About this task. The lines below, from the one containing "- Марьиванна, я" through the one containing "Het is een moeilijke", should be set down exactly, with no pictures and nothing else.

Dataset.
*** Block opens ***
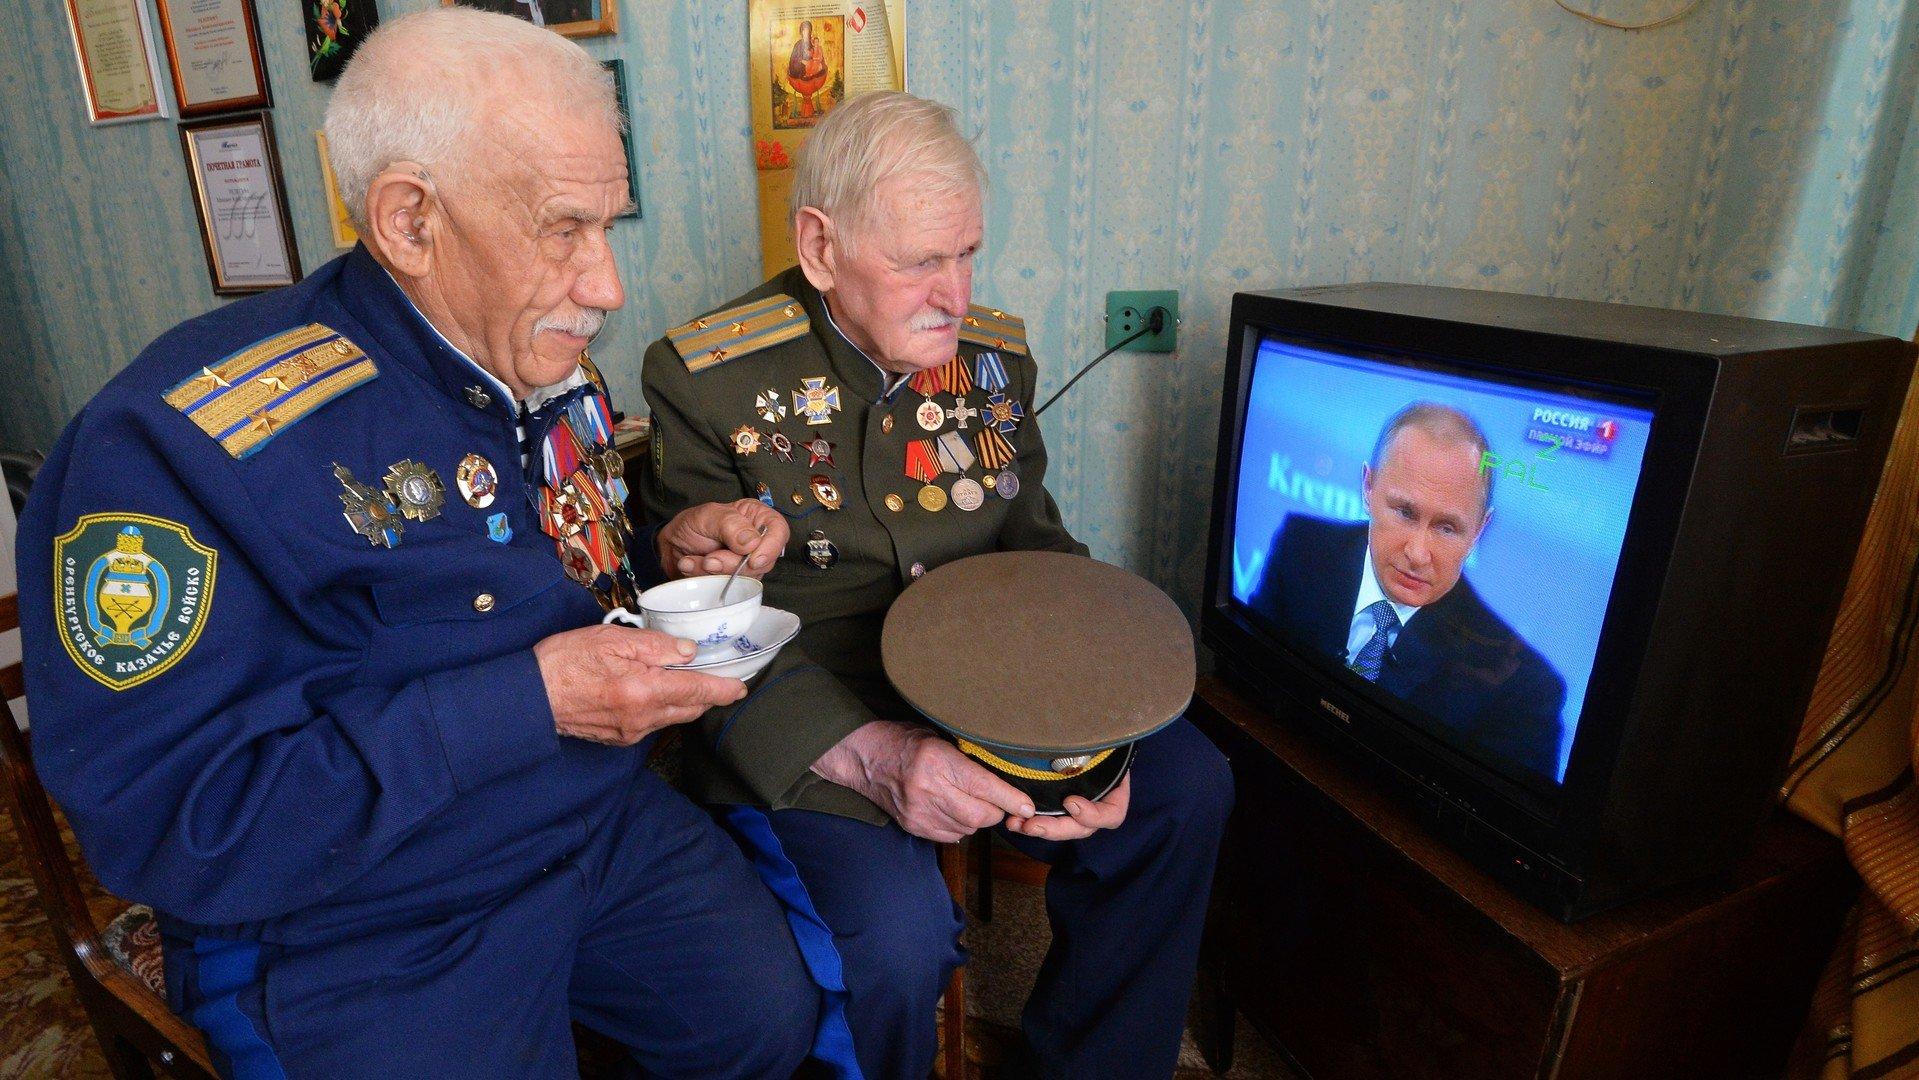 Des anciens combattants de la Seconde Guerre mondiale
*** Block closes ***
*** Block opens ***
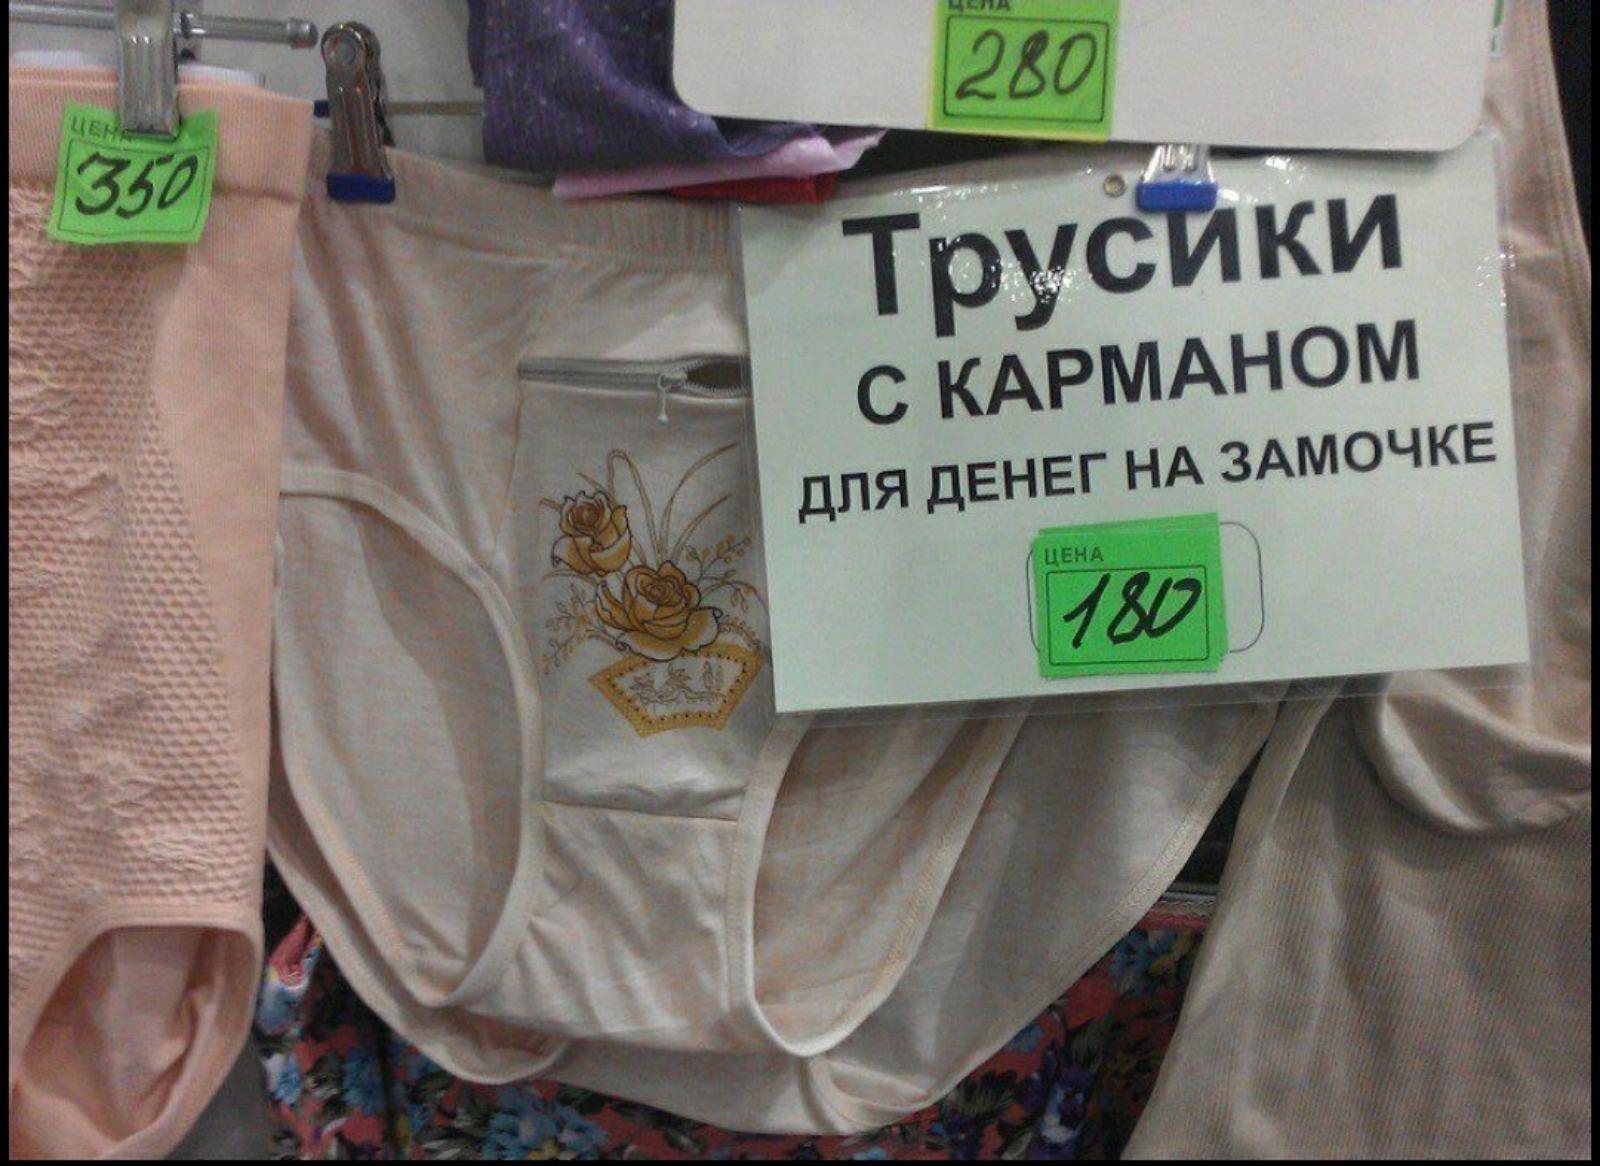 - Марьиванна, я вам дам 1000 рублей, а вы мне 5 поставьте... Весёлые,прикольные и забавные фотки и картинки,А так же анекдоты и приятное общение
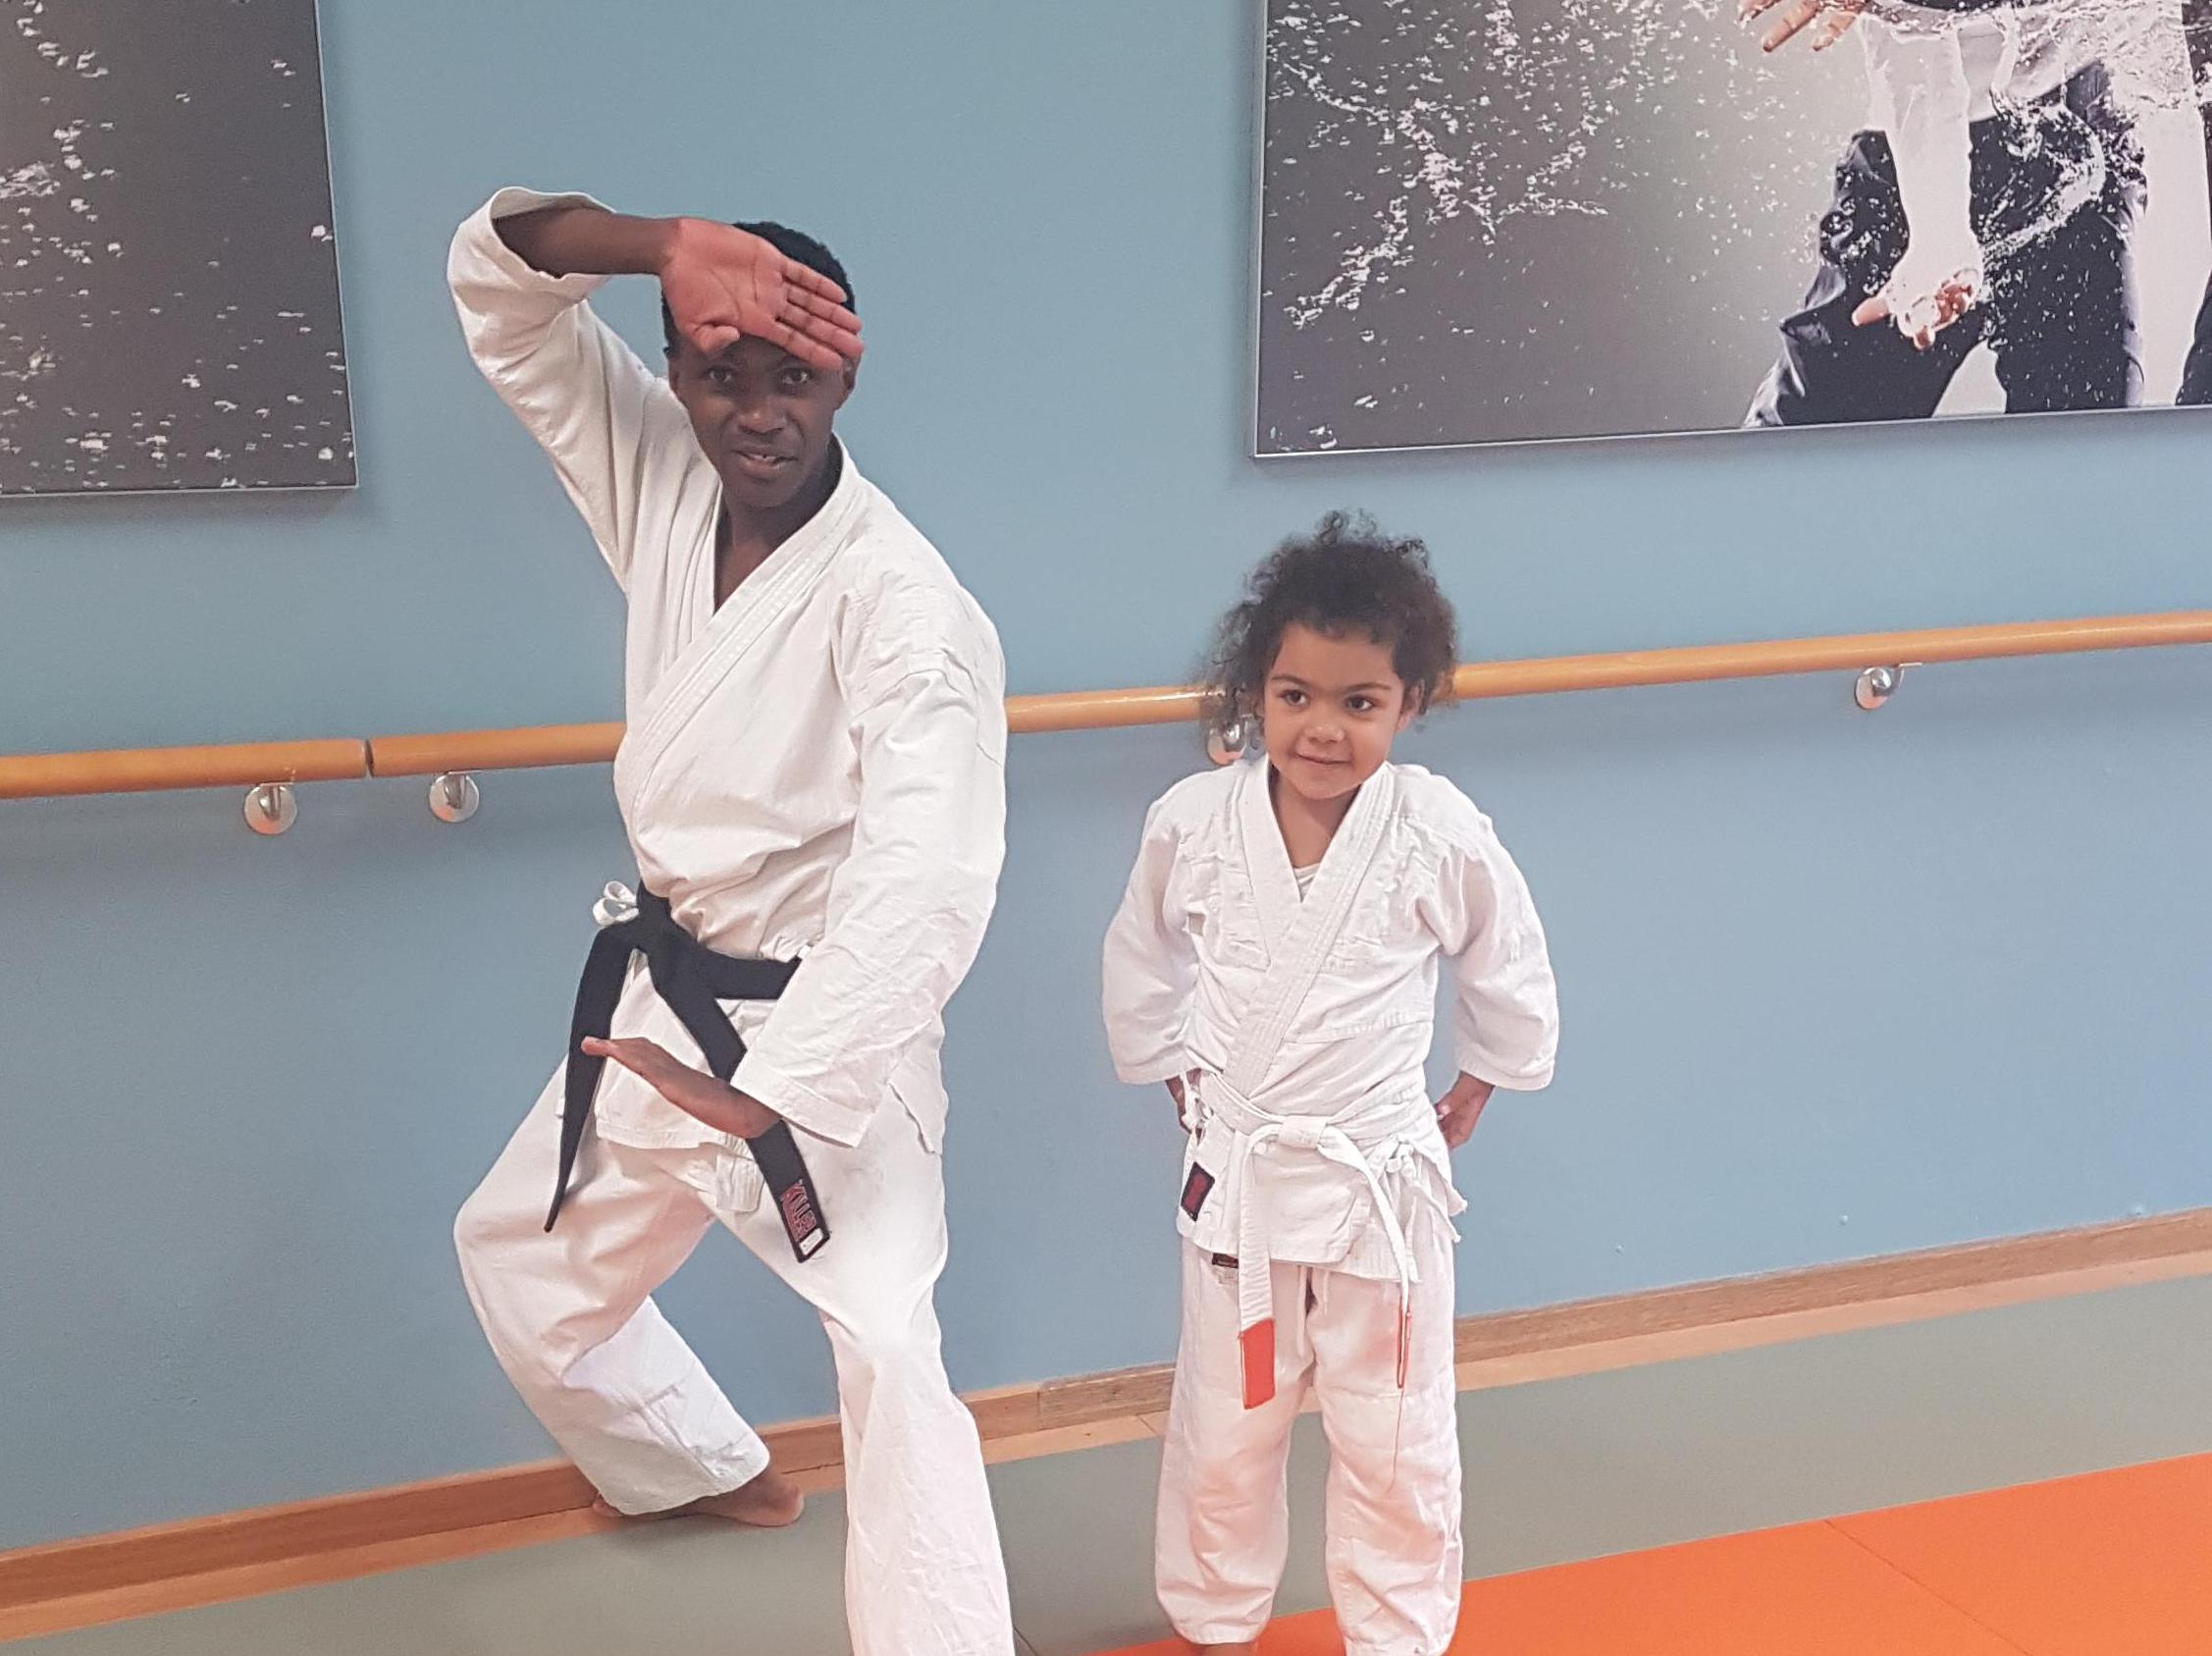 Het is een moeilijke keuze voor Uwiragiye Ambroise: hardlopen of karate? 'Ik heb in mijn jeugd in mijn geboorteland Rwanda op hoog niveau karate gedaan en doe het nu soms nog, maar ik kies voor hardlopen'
*** Block closes ***
*** Block opens ***
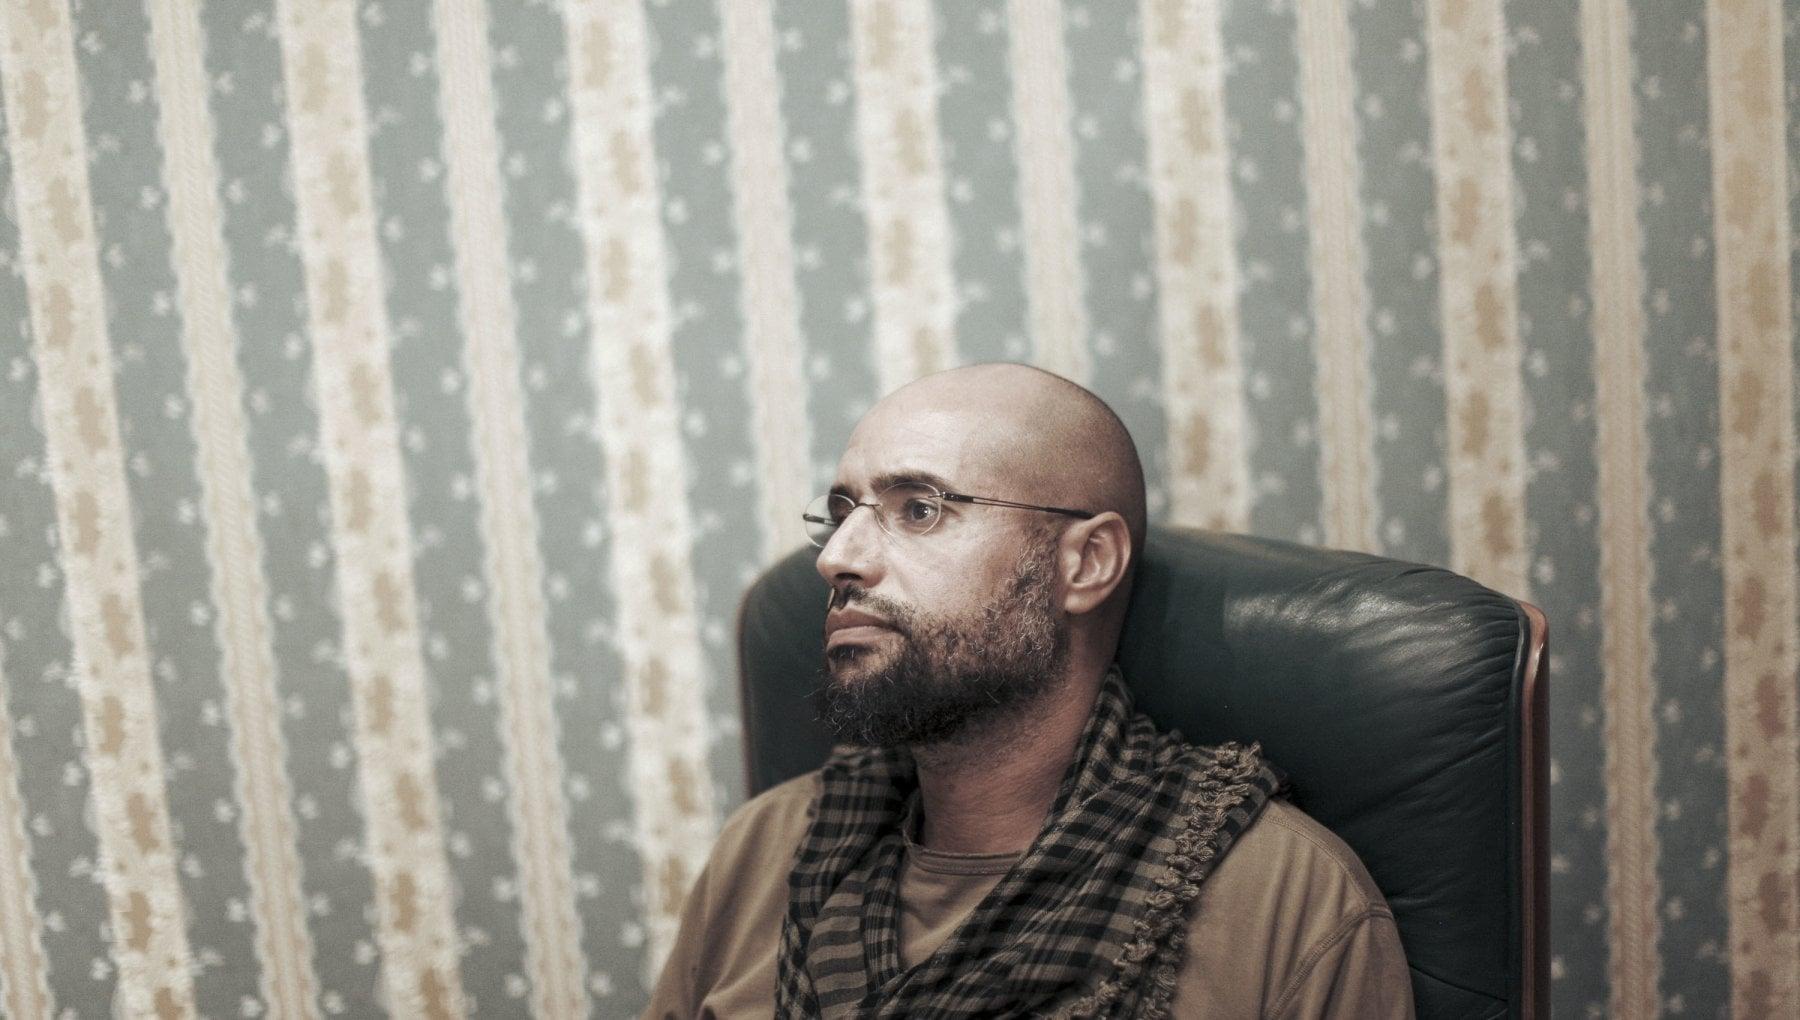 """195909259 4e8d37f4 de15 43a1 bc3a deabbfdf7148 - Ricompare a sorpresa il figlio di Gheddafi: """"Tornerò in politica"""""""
*** Block closes ***
Result of the exercise.
 - Марьиванна, я вам дам 1000 рублей, а вы мне 5 поставьте... Весёлые,прикольные и забавные фотки и картинки,А так же анекдоты и приятное общение
 Het is een moeilijke keuze voor Uwiragiye Ambroise: hardlopen of karate? 'Ik heb in mijn jeugd in mijn geboorteland Rwanda op hoog niveau karate gedaan en doe het nu soms nog, maar ik kies voor hardlopen'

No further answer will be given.